**What needs to be done:** After locating the line with "Calaméo - Diario de Noticias 20160118" below, output it and each following line exactly, stopping after the line with "Чоловічі кросівки Adidas". No pictures.

**Stored data:**
BEGIN

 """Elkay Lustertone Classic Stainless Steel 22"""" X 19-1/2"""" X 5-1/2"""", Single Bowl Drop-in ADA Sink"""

END
BEGIN

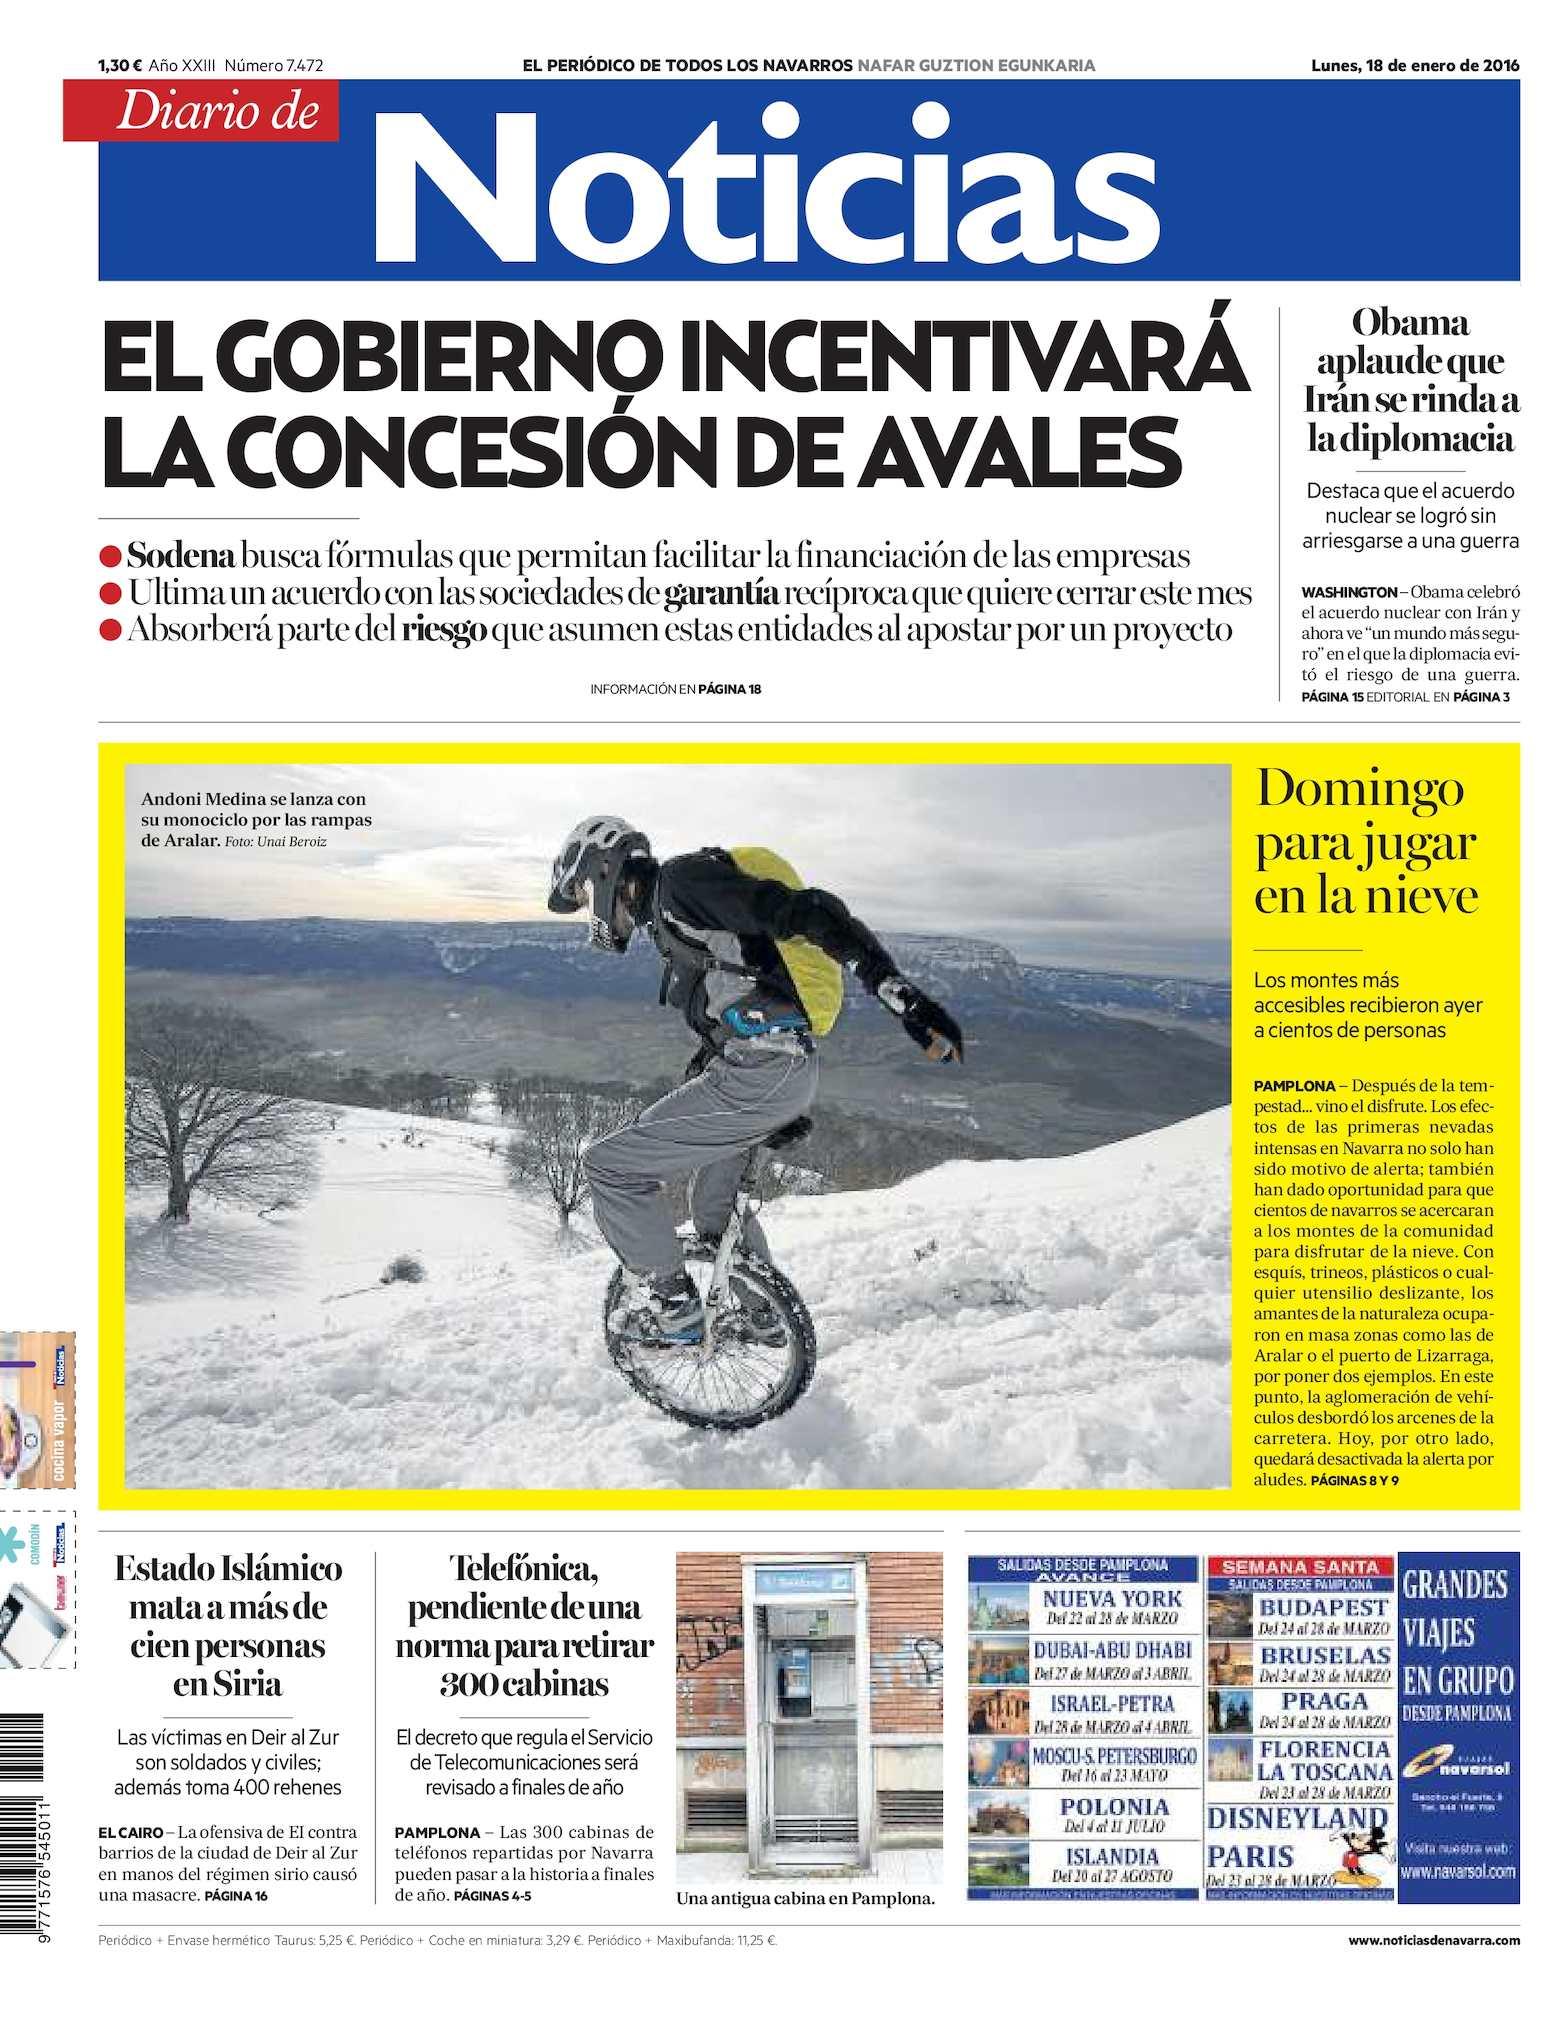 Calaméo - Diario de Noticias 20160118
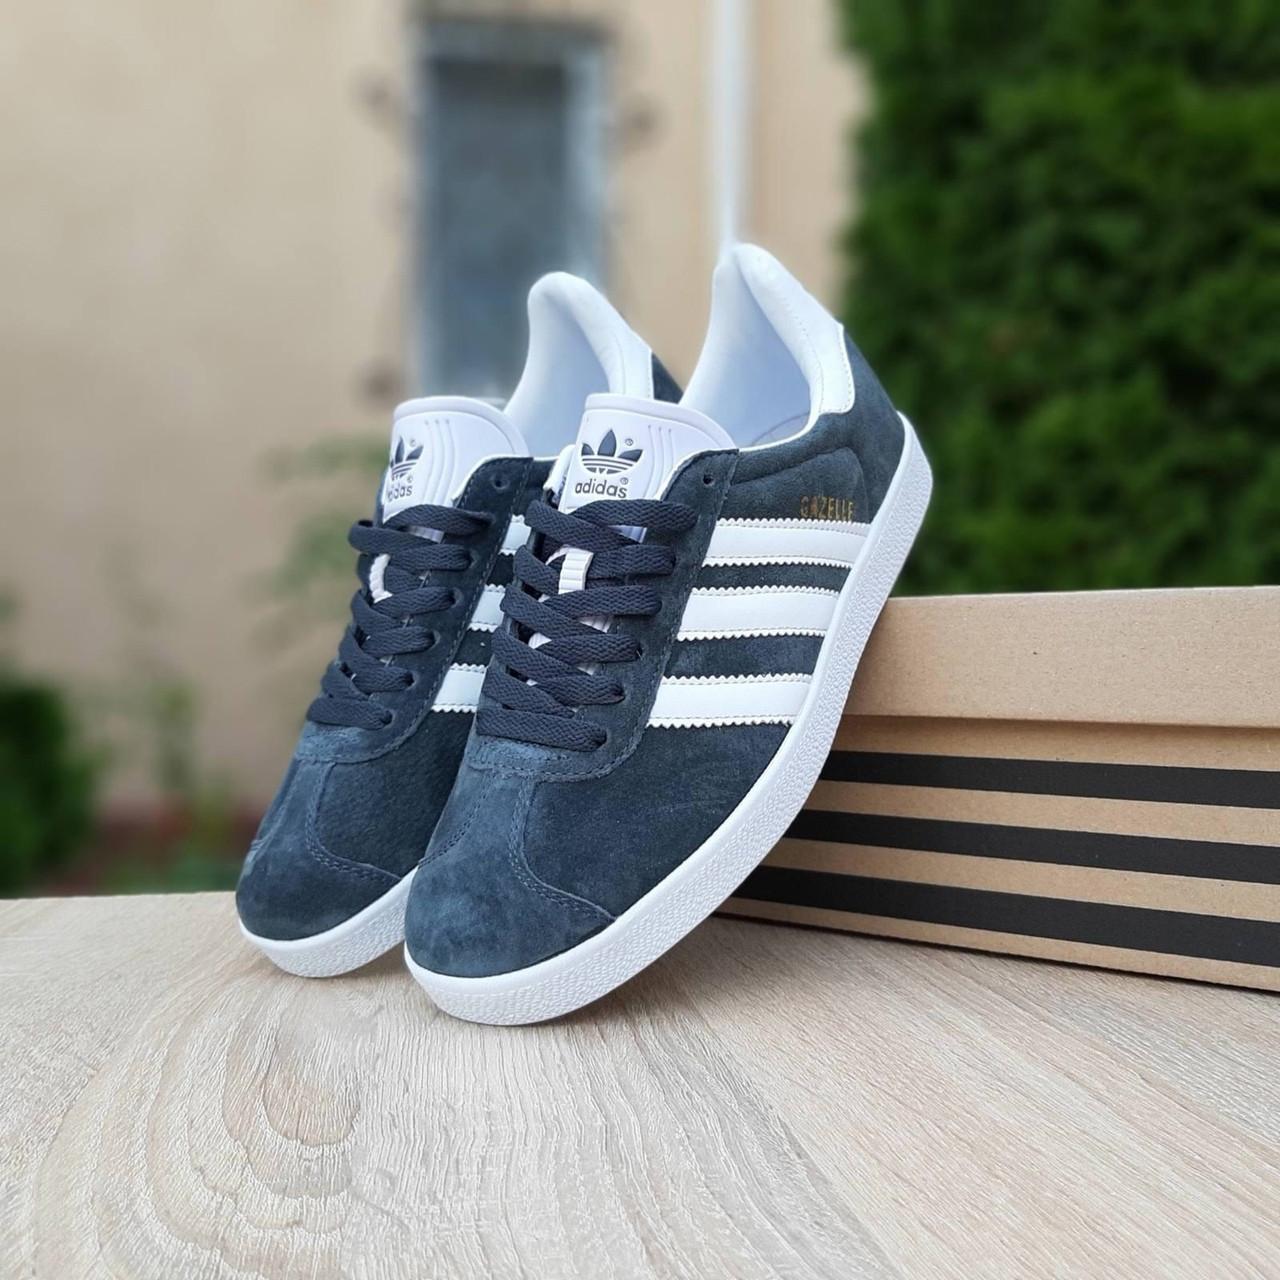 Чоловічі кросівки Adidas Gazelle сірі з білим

END

**Result of this task:**
 Calaméo - Diario de Noticias 20160118
 Чоловічі кросівки Adidas Gazelle сірі з білим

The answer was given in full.